* _Task description_: Beginning with the first line below, output every record verbatim and leave out the images.
(Available data Opens)
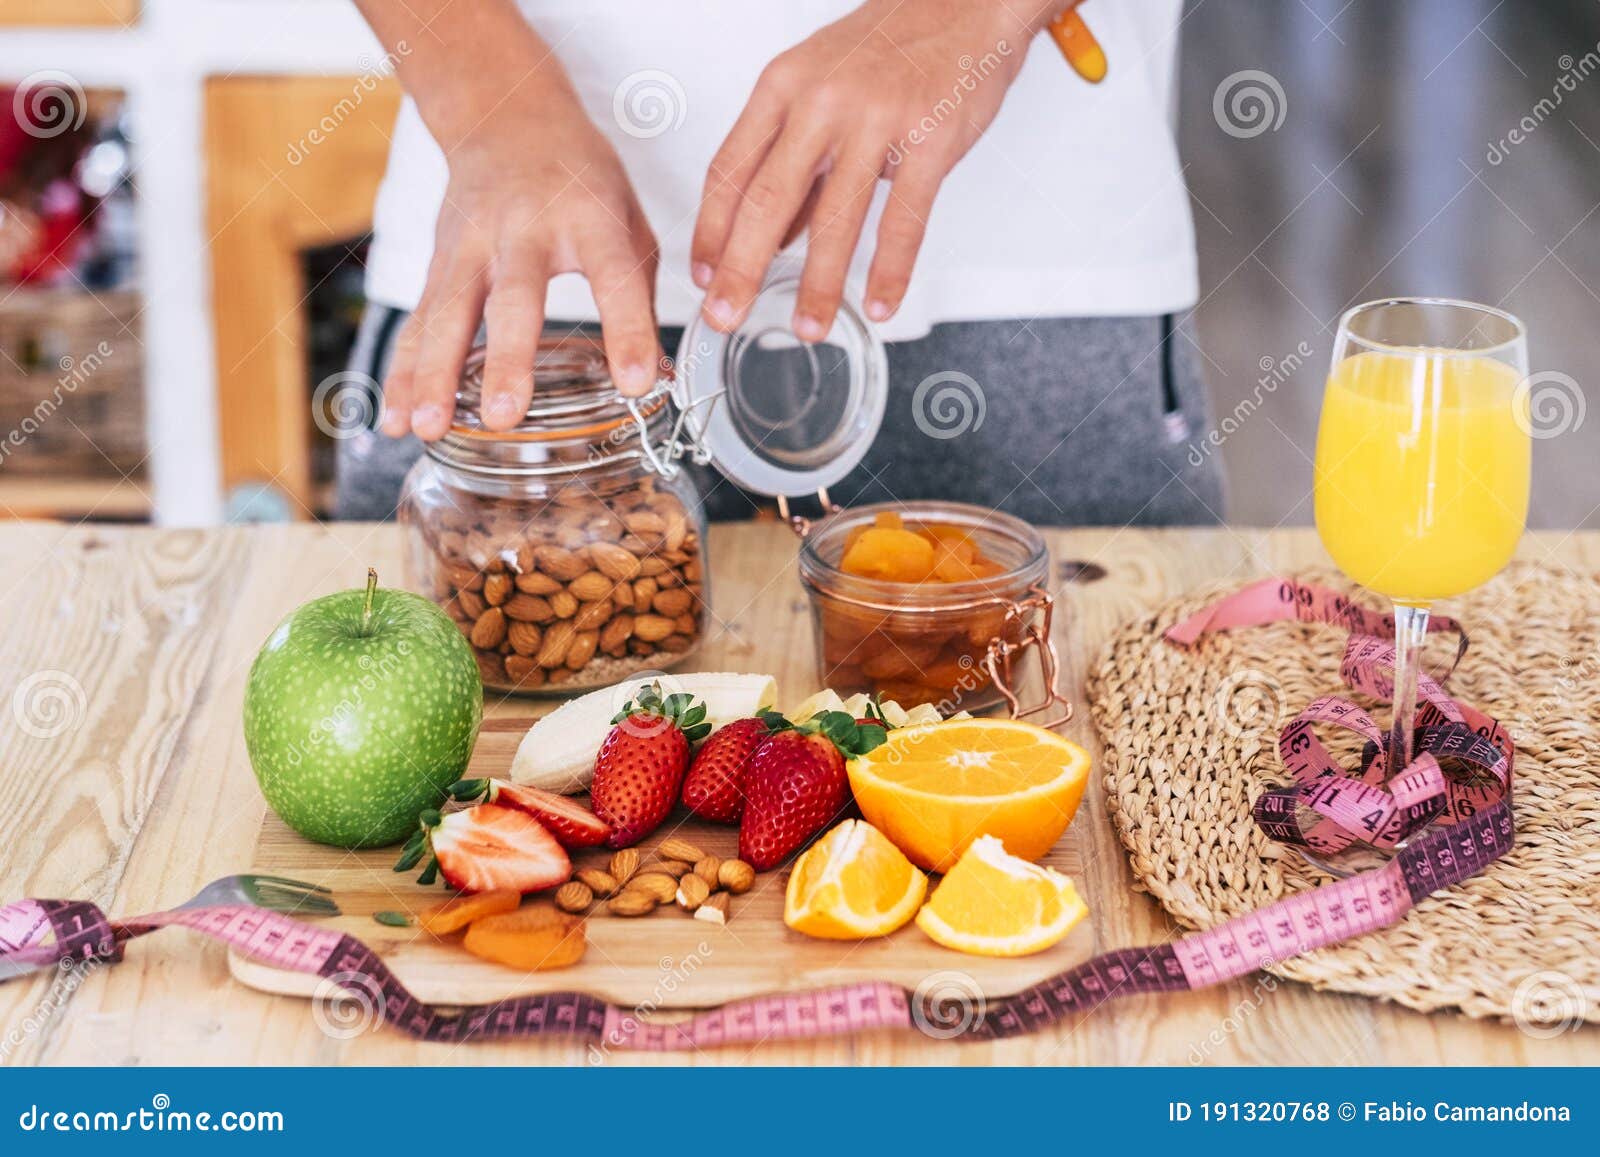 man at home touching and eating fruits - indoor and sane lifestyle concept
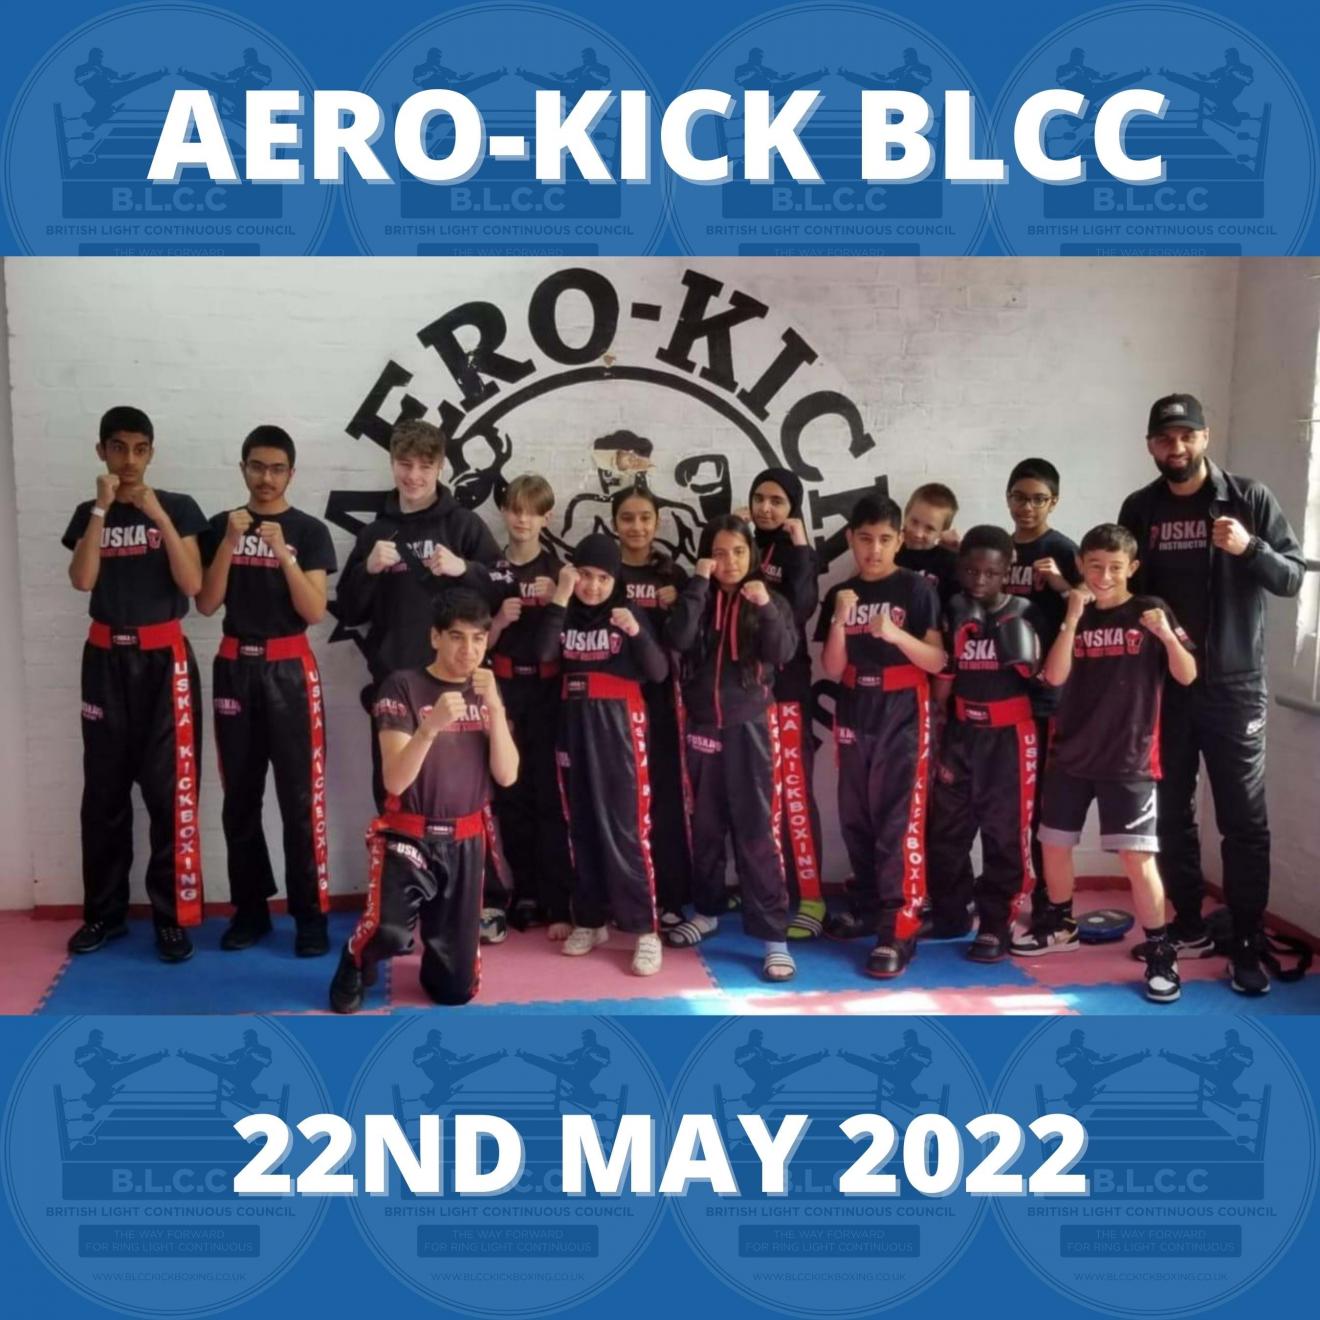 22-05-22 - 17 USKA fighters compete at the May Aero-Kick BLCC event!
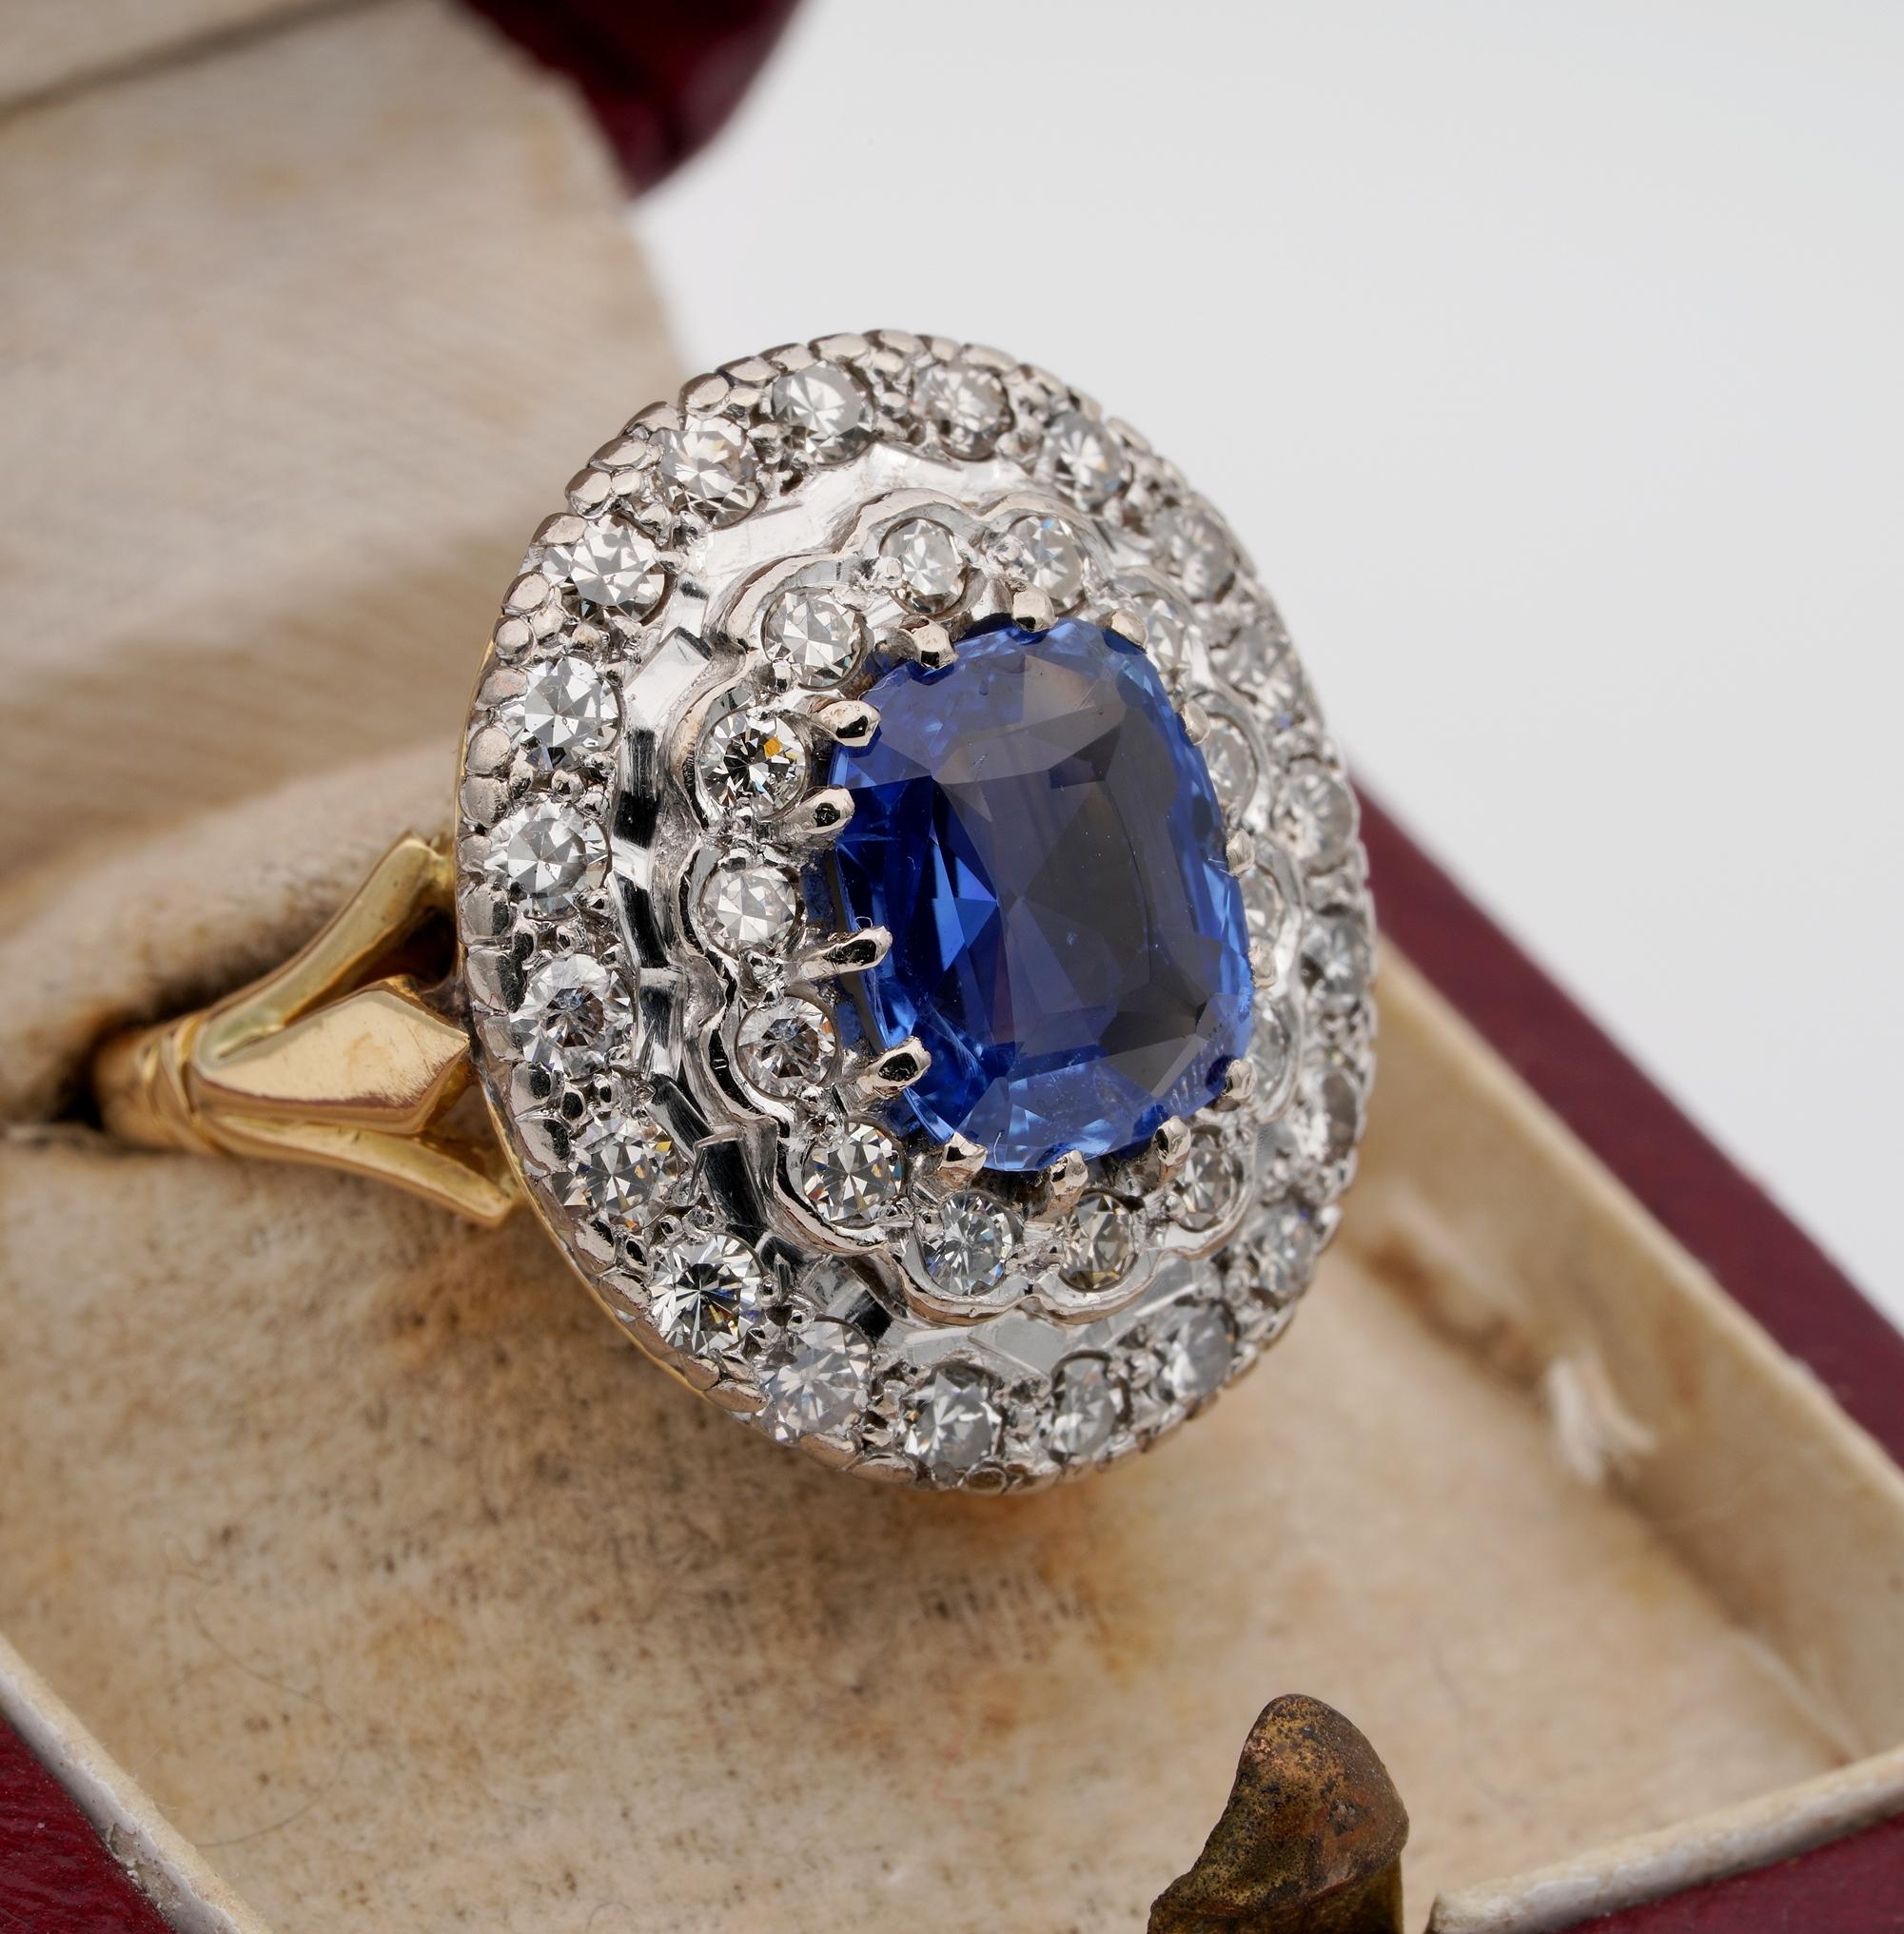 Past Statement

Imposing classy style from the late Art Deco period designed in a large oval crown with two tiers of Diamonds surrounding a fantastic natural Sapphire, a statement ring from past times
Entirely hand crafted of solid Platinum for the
(Available data Closes)
* _Response for this exercise_:
 man at home touching and eating fruits - indoor and sane lifestyle concept
 22-05-22 - 17 USKA fighters compete at the May Aero-Kick BLCC event!
 Past Statement

Imposing classy style from the late Art Deco period designed in a large oval crown with two tiers of Diamonds surrounding a fantastic natural Sapphire, a statement ring from past times
Entirely hand crafted of solid Platinum for the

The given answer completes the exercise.